Work required:
An exact copy of the data is required; the images should not appear in it.

Provided data:
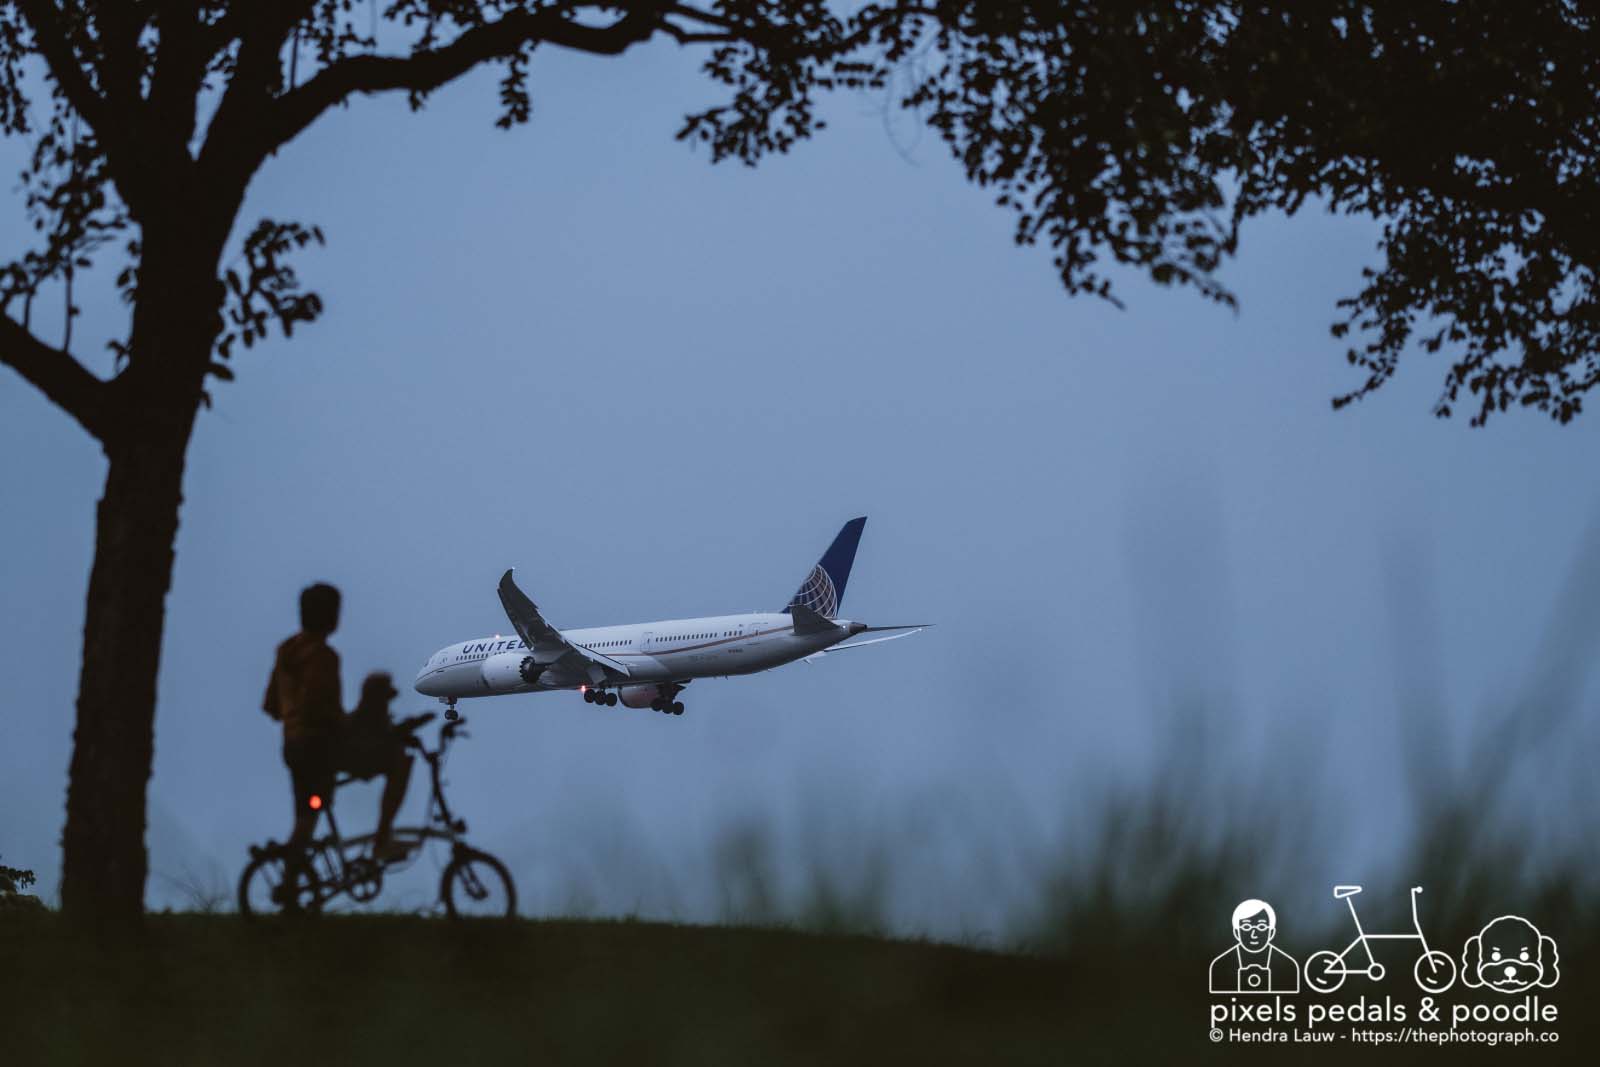 Plane Spotting United Airlines N15969 approaching Changi Airport from San Francisco
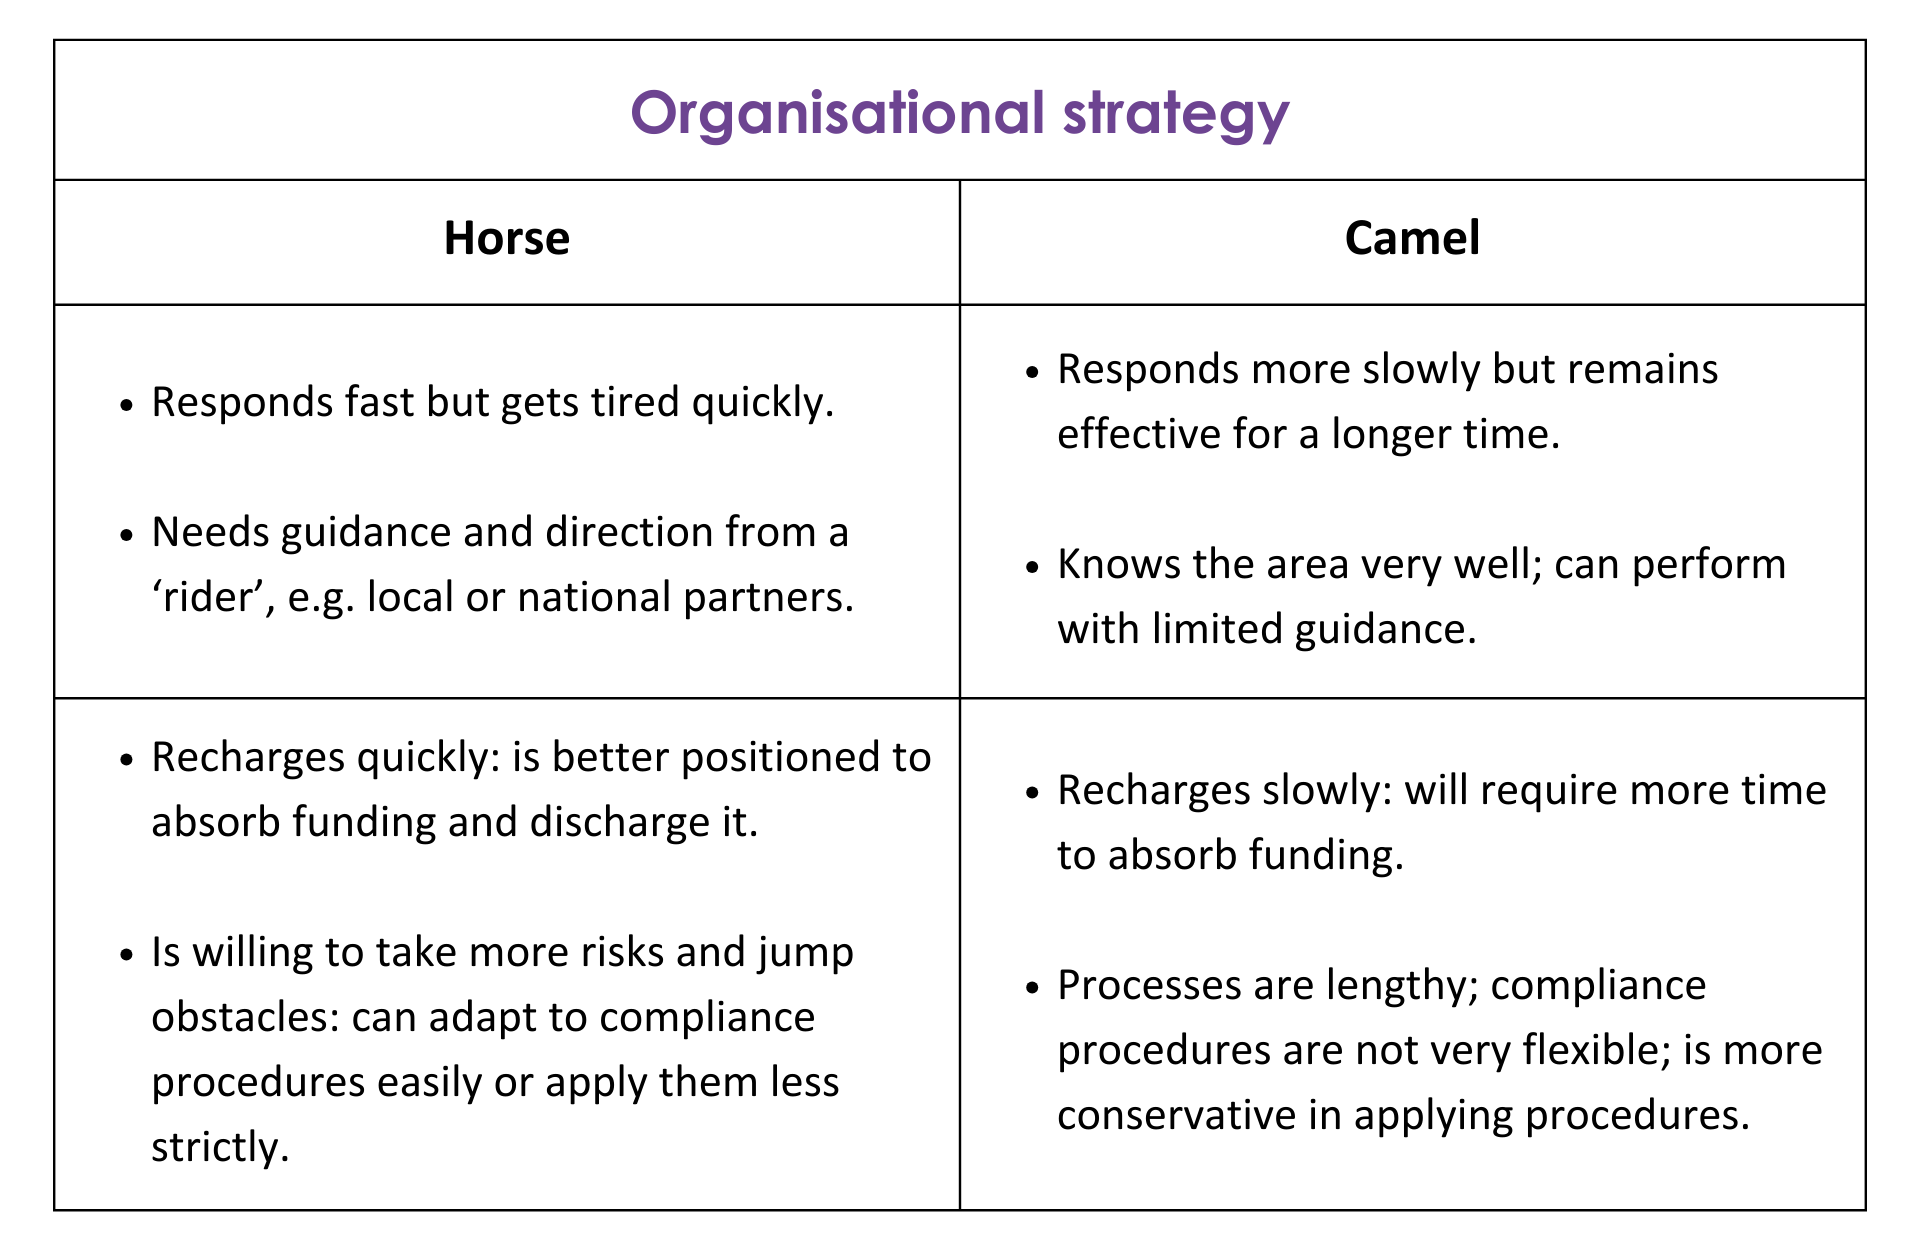 There are two types of organisational strategies that can be adopted following a disaster: the ‘horse’ and the ‘camel’. Which one is the most suitable for you and your organisation?
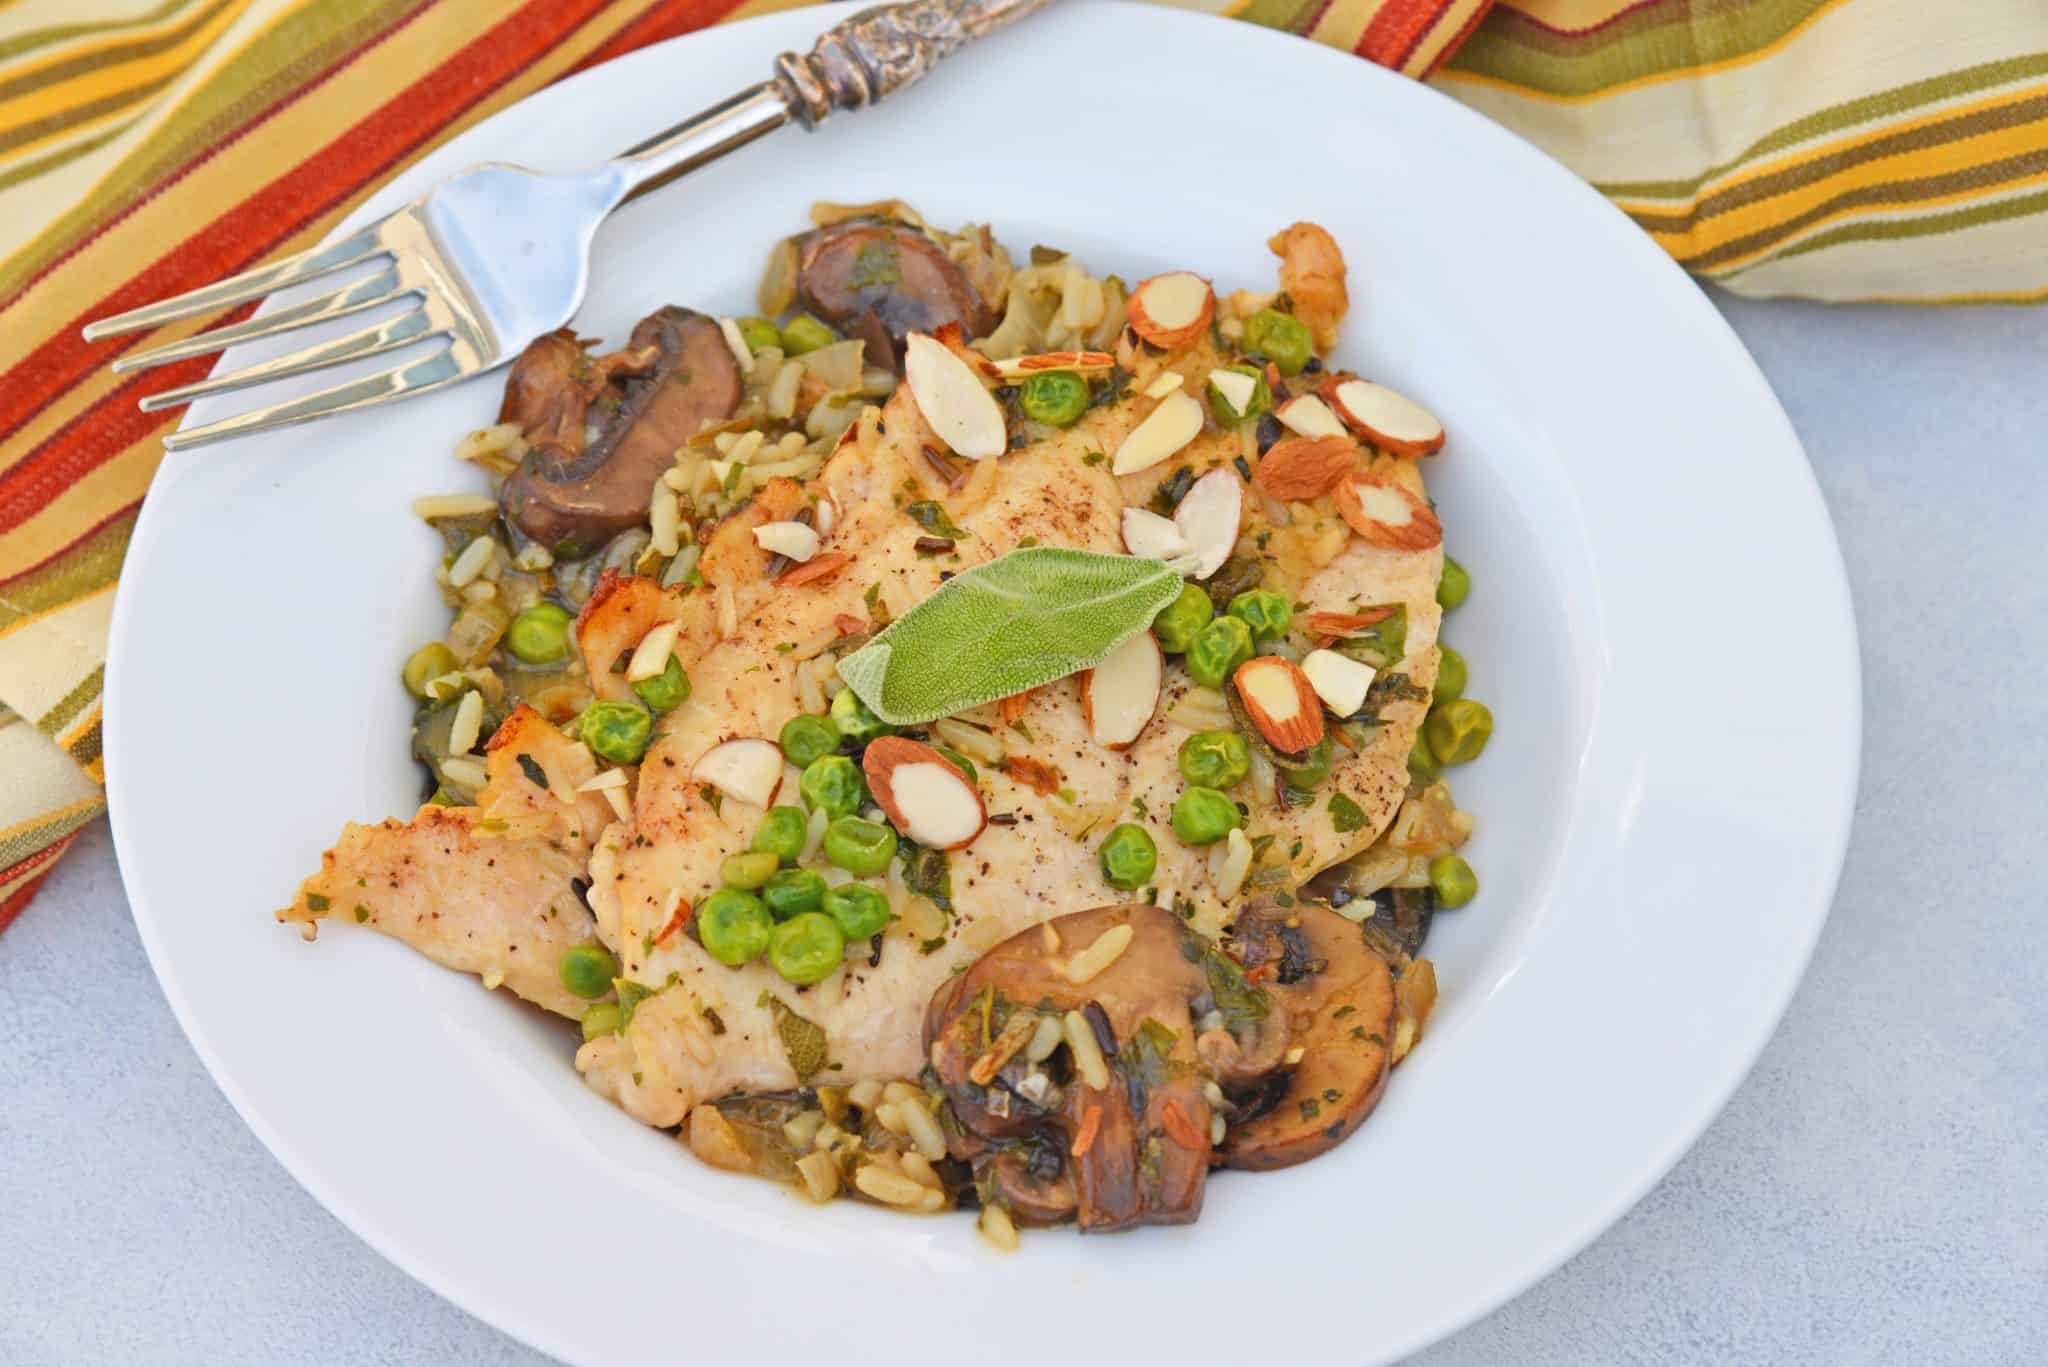 Mushroom Chicken and Rice Skillet is an easy one dish meal with loads of flavor like peas, mushrooms, shallots, sage and garlic. #onedishmeal #skilletmeal www.savoryexperiments.com
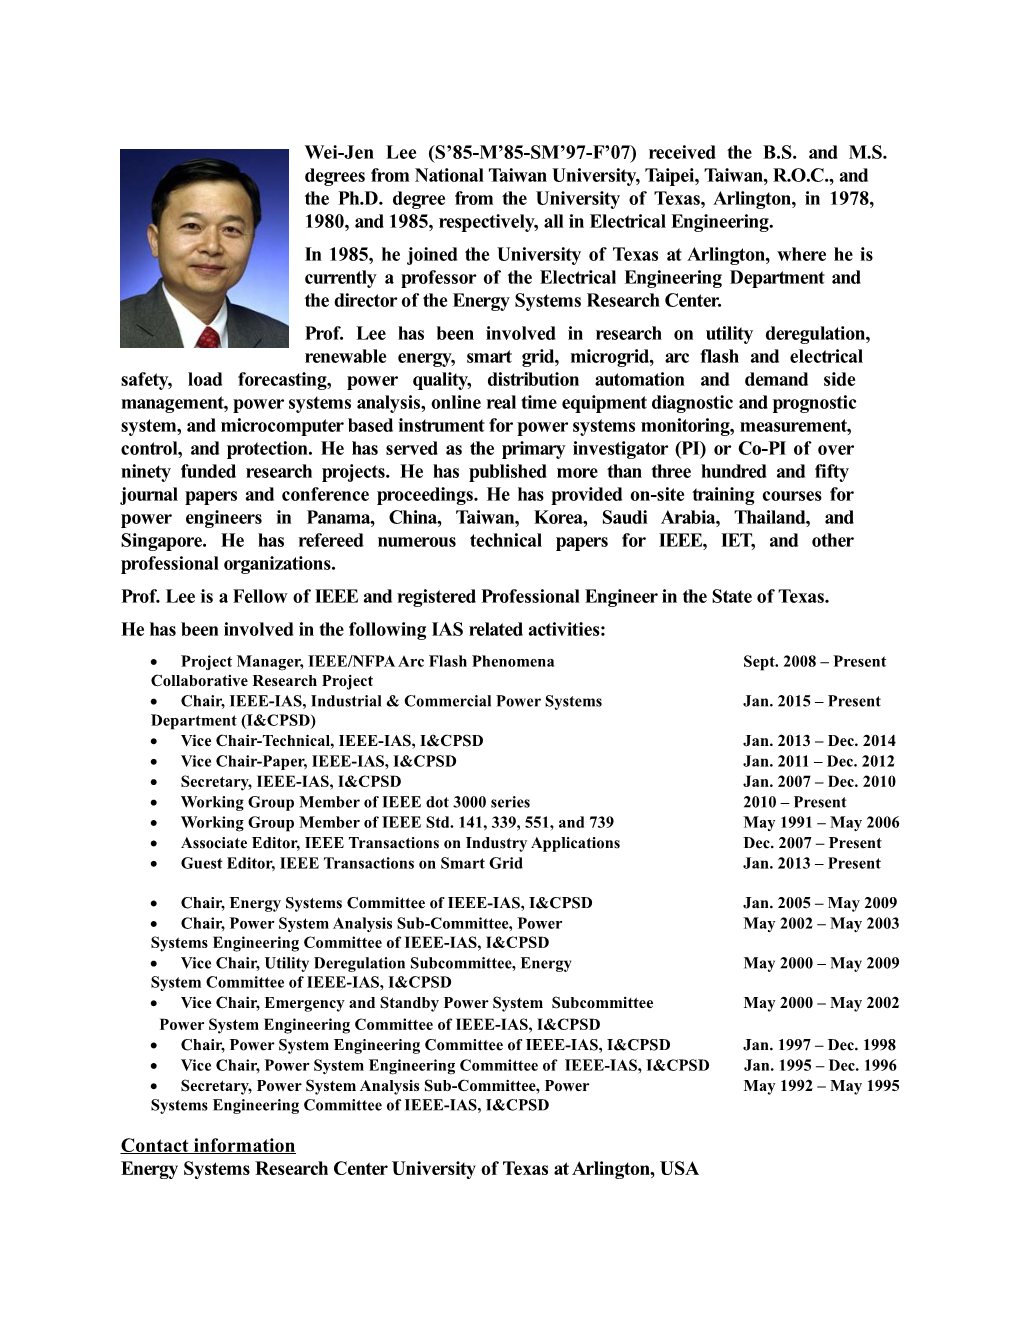 Prof. Lee Is a Fellow of IEEE and Registered Professional Engineer in the State of Texas

Task answer:
 Plane Spotting United Airlines N15969 approaching Changi Airport from San Francisco
 There are two types of organisational strategies that can be adopted following a disaster: the ‘horse’ and the ‘camel’. Which one is the most suitable for you and your organisation?
 Mushroom Chicken and Rice Skillet is an easy one dish meal with loads of flavor like peas, mushrooms, shallots, sage and garlic. #onedishmeal #skilletmeal www.savoryexperiments.com
 Prof. Lee Is a Fellow of IEEE and Registered Professional Engineer in the State of Texas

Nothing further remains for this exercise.